Many separate interpretations of an object's bytecode can occur within a single frame. The GOOL interpreter routine can be called with the same object from up to 7 distinct locations in a single iteration of the game loop. Each of the 7 calls to the interpreter routine with that object, and thus the ensuing interpretations of its bytecode, occurs under a separate condition.
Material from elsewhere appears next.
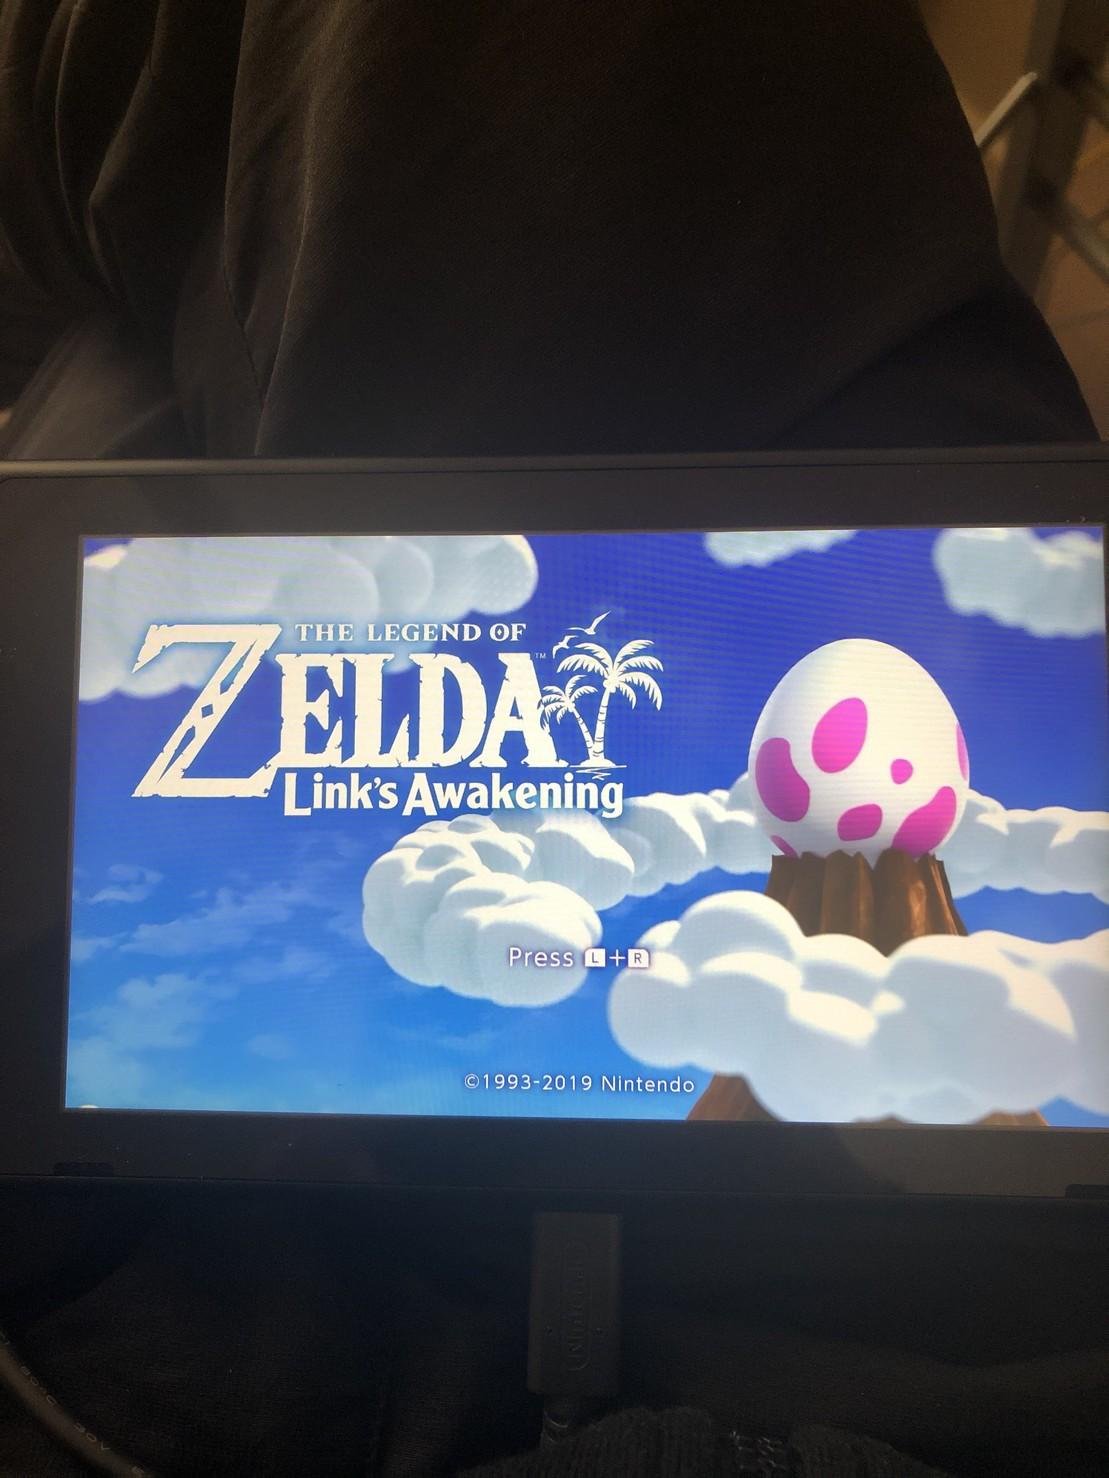 The Legend of Zelda: Link's Awakening screenshot (it really rocks my socks off)

The 7 interpretations are identified based on the conditions under which they occur, and are as follows:

• One that occurs at a specified rate, i.e. after a specific amount of time has elapsed since its previous occurrence. (Code Block interpretation)
• One that [always] occurs [for each frame]. (Trans Block interpretation)
• One that occurs whenever the object is sent an event and its current state specifies the location of an event service routine. (Event Block interpretation)
• One that occurs whenever the object is sent an event and: its current state does not specify an event service routine or its event service routine failed to return an event, and the event sent maps to an event handler. (Handles Block interpretation)
• One that occurs whenever the object changes state. (Head Block interpretation)
• One that occurs whenever the object changes state and its recent Trans Block interpretation was unsuccessful (*Trans Block interpretation)
• One that occurs when the object minimizes the distance during another object's query to 'find the nearest object', and the event sent for asynchronous handling (from the querying object) maps to an event handler. (*Handles Block interpretation)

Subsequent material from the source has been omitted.